With the explosive growth in data volume, the VO 
bottleneck has become an increasingly daunting 
challenge for big data analytics in the Cloud. In 
existing paper, propose POD, a performance-oriented 
deduplication scheme, to improve the performance of 
primary storage systems in the Cloud by leveraging 
data deduplication on the I/O path to remove 
redundant write requests while also saving storage 
space. This research works aims to remove data 
duplication in the cloud. Improve the performance of 
storage system. We use concept of image processing 
to utilize the space. In this paper we discussed about 
the design and implementation of data duplication to 
improve the efficiency of storage in cloud. This 
system, implements wireless data access to servers. 
An alternative method for us is remove the data 
duplication in storage system by using web based 
application in which we can use two matching technic 
CLD (color layout descriptor) and EHD (enhance 
histogram descriptor). User can browse image and 
upload the image on web page then we apply CLD & 
EHD technic and then see uploaded image is already 
store on cloud or not, if there is matching image like 
uploaded image then we extract referenced of already 
store image then send to the receiver and receiver can 
receive the image. If there is no matching image then 
upload new image to database. By extracting 
reference of already store image there is no need to 
upload again same image to database so, we can 
remove data duplication, improve the storage space 
efficiency and utilize network bandwidth so, our 
system more effective than the data duplication to 
improve the performance of primary storage system. 
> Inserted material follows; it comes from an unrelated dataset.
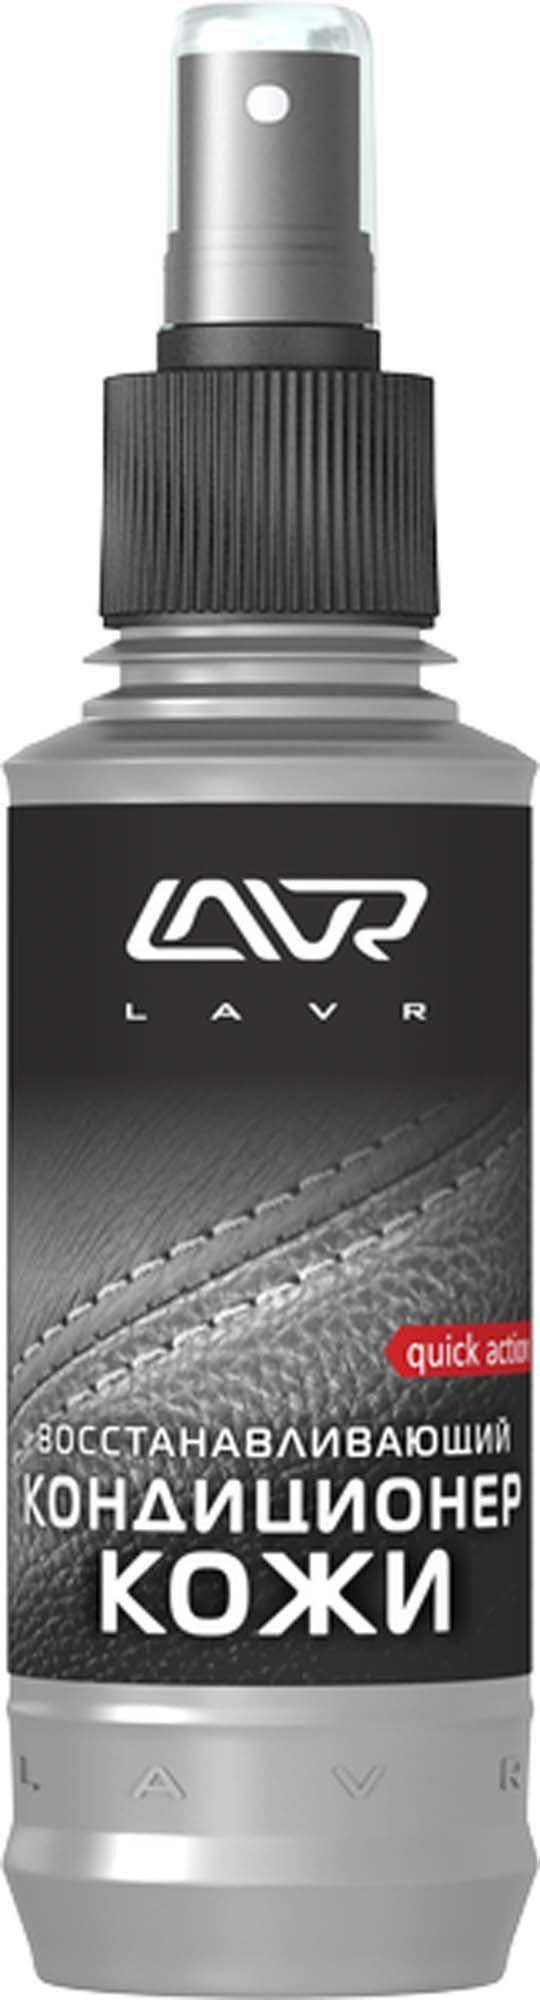 Очиститель кожи и кондиционер Lavr востанавливающий 185 мл Ln1471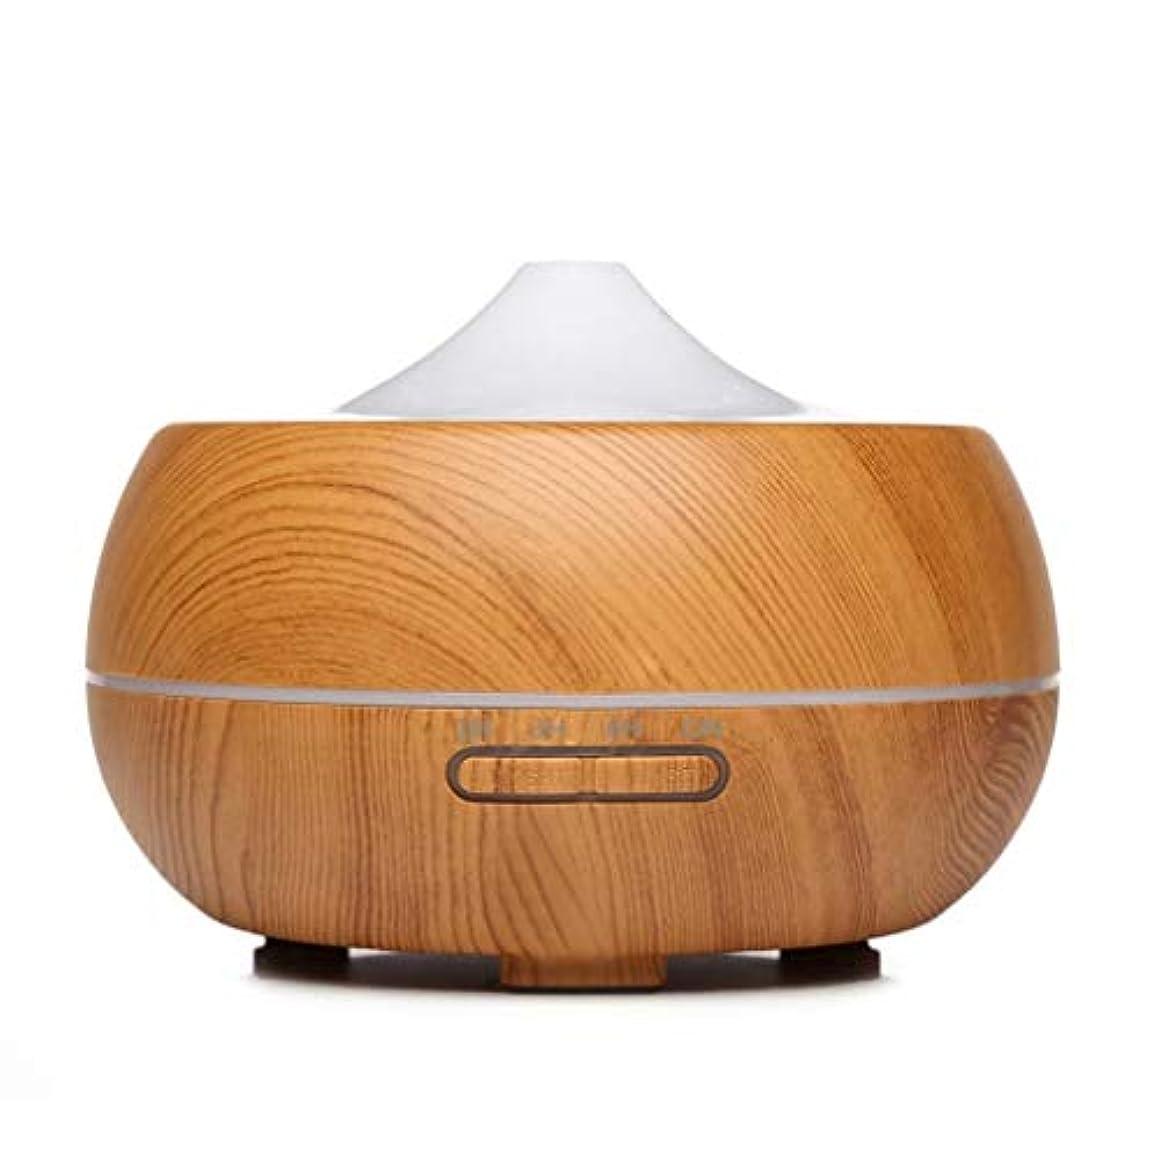 大胆不敵周術期連続したオイルディフューザーエッセンシャルオイル300ミリリットルエッセンシャルオイルディフューザー電動クールミスト加湿器空気清浄機ウォーターレスオートオフ空気清浄機 (Color : Light Wood Grain)

Key Words: Java JDK 6.0, Eclipse, Apache tomcat 
server, MY-SQL Database. 


1. INTRODUCTION 

Data duplication often called intelligent compression 
or single instance storage, it is processes that 
eliminates redundant copies of data and reduce 
storage overhead. 

Data deduplication technique insures that only one 
unique instance of data is retained on storage media, 
such as 1) disk 2) flash or tape. Data deduplication has 
been demonstrated to be an effective technique in 
Cloud backup and archiving applications to reduce the 
backup window, improve the storage-space efficiency 
and network bandwidth utilization. Recent studies 
reveal that moderate to high data redundancy clearly 
exists in virtual machine (VM) enterprise [3], [4], [5], 
[6], [7] and high-performance computing (HPC) 
storage systems [8]. CLD and EHD techniques, 
performance oriented deduplication scheme, to 
improve the performance of storage systems in the 
Cloud by leveraging data deduplication requests while 
also saving storage space. In this paper we discussed 
about the design and implementation of data 
duplication to improve the efficiency of storage in 
cloud. 

2. Literature Review: 

In existing system when we are uploading the files in 
to the system, if that file is already existed in that 
system then that file will not be uploaded and instead 
of that the reference will be created so that if number 
of times one file referenced to many files if by chance 
that file has deleted then we will loss the reference of 
the all files so for that reason we are creating the 
copies of that files in the multiple locations of the 
system memory. So if one file is deleted from the 
system memory other locations will maintain the copy 
of that file. By using Secure Hash Table 
Technique[l].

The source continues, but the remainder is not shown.